Il était de notoriété publique que Jean Paulhan n’avait pas de grande disposition pour « la chose ». Pendant qu’il prononçait son discours, sous la Coupole, comme je m’étonnais discrètement auprès d’Odette Laigle, assistante et maîtresse de Gaston Gallimard, elle me répondit : « Eh bien mais, il lui fait ce qu’une femme fait à une autre femme ! »
Florence Jay-Gould avait eu Ernst Jünger pour amant, alors que les Allemands occupaient la France.
Oui, Paulhan, le résistant, après Jünger, le guerrier allemand. À la Libération, elle connut des heures difficiles, son argent a sans doute permis d’arranger les choses. Elle avait un rapport très original avec la réalité. Après avoir lu un article que j’avais consacré au quartier de La Défense, elle manifesta le désir de voir par elle-même la Grande Arche. Elle me demanda de l’accompagner dans sa Rolls. Je lui fis entendre qu’il valait mieux s’y rendre par le métro, et je lui recommandai de ne porter aucun bijou. Le jour venu, je constate qu’elle porte un imposant collier : « Il faut au moins trois rangs de perles pour cacher mon cou ! » Et nous partons ! Dans le métro, à la première station, sa voix résonne soudain : « Oh, Jean, de la publicité sur les murs ! Comme c’est amusant ! » Elle n’avait pas emprunté le métro depuis si longtemps, qu’elle ignorait que les stations étaient couvertes de placards publicitaires. Souvenons-nous de ce mot de Philippe Jullian, évoquant une dame de sa connaissance, désargentée mais naguère fortunée : « Elle recevait les amants de son mari, à présent elle prend le métro en seconde : c’est une sainte ! »
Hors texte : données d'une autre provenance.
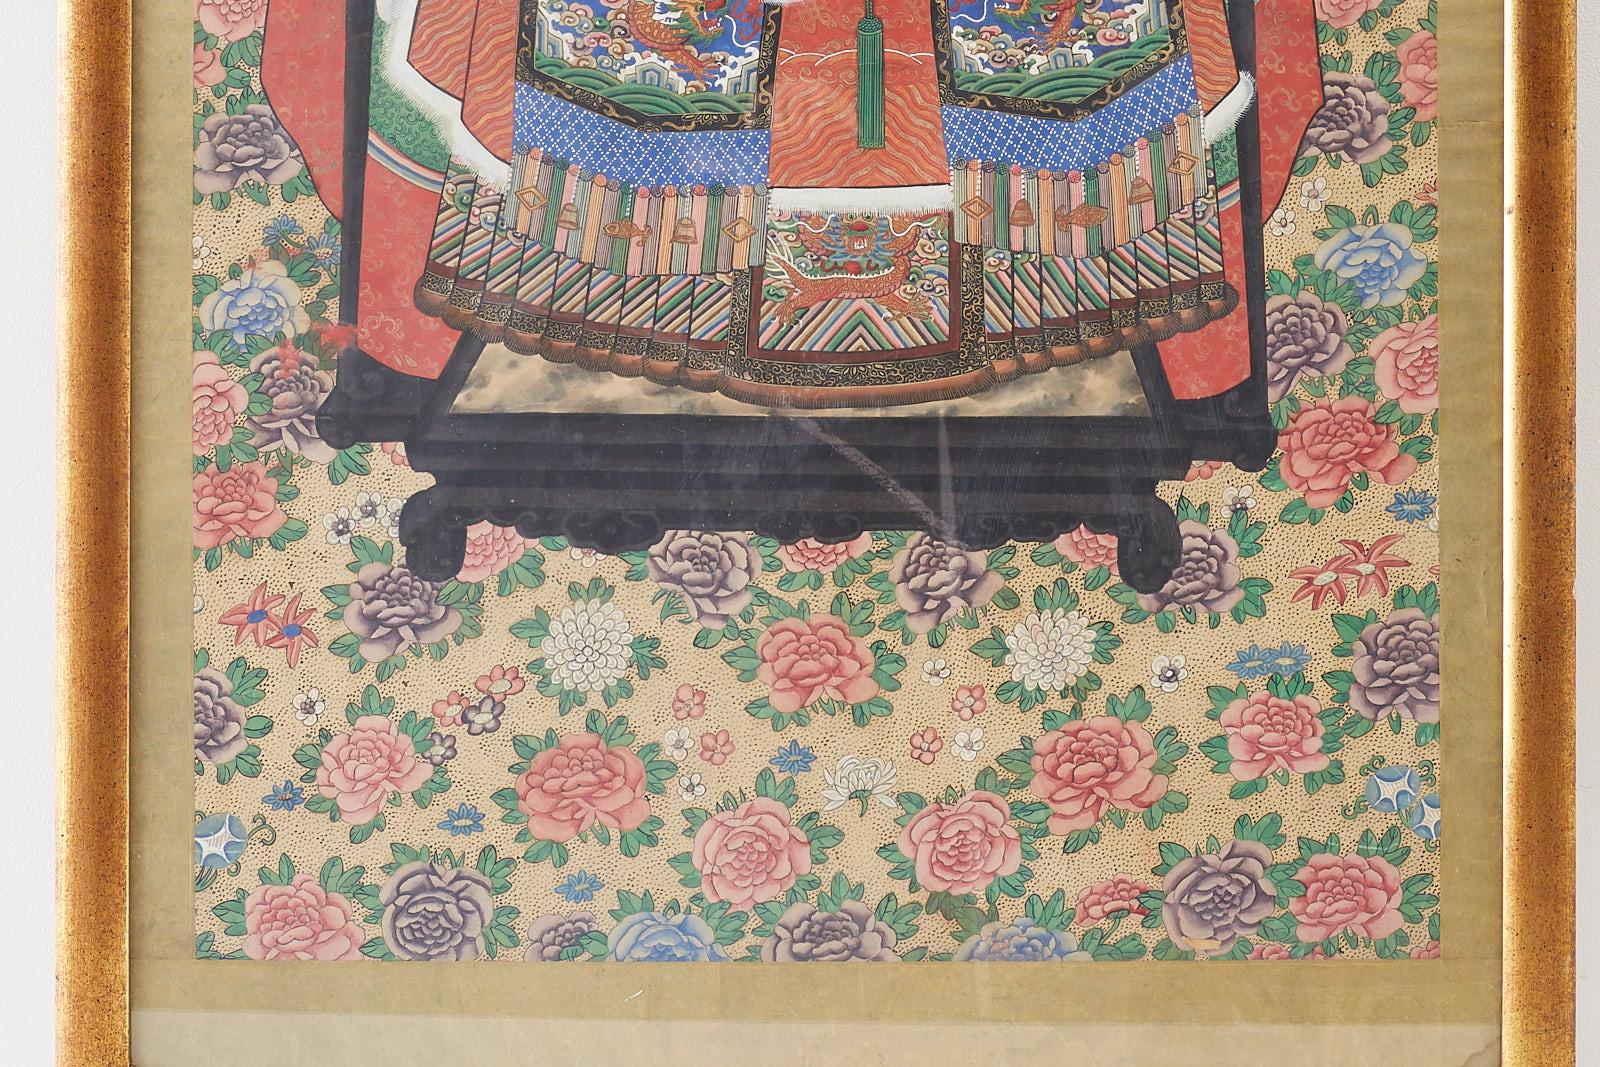 Hand-Painted Monumental Chinese Ancestral Matriarch Framed Scroll Painting

Vous avez une vraie admiration littéraire pour Colette.
Chaque année, je relis Balzac et Colette, Chérie, La Fin de Chérie. Hélas ! je ne l’ai pas connue, mais j’ai rencontré Maurice Goudeket, son mari, et Bertrand de Jouvenel : elle avait 50 ans et ce dernier 17 lorsqu’elle l’entraîna dans son lit. Aujourd’hui, ce Blé en herbe vécu lui vaudrait peut-être la prison pour détournement de mineur et incitation à la débauche.
Et Bertrand de Jouvenel, vingt ans après les faits, porterait plainte.
Et quel tollé susciteraient immédiatement ces propos de Colette, dans Mes apprentissages : « Elles sont plus nombreuses qu’on ne croit les filles à peine nubiles, qui rêvent d’être le jouet, le chef-d’œuvre libertin d’un homme d’âge mûr » ! Et que penserait-on de Natalie Barney : « Mieux vaut passer sa vie à se créer qu’à procréer » ?
Excellent programme !
La même Natalie disait encore d’un importun : « Il avait les trois signes de l’impersonnalité : le menton fuyant, une alliance, et la Légion d’honneur. » Que dirait-on de Jean Voilier (nom de plume de Jeanne Loviton), dont Paul Valéry fut si épris, qui me fit cette confidence, à 82 ans, après avoir rompu avec l’ambassadeur du Japon à Paris : « Je retrouve l’agrément de dormir seule ! »
Vous rapportez une scène pathétique entre Paul Valéry et Jeanne Loviton.
Cela se passait bien des années plus tôt. Elle lui reprochait de ne l’avoir pas accompagnée, pendant l’entracte à l’Opéra. Valéry lui répondit : « Quand je vous ai vue, si belle et si jeune, et moi si vieux et si laid, j’ai eu honte ! »
À vous entendre, on comprend que les ombres qui vous hantent font toujours votre bonheur.
Je suis en effet le reclus de la rue Lemercier et le panthéon de ces gloires défuntes.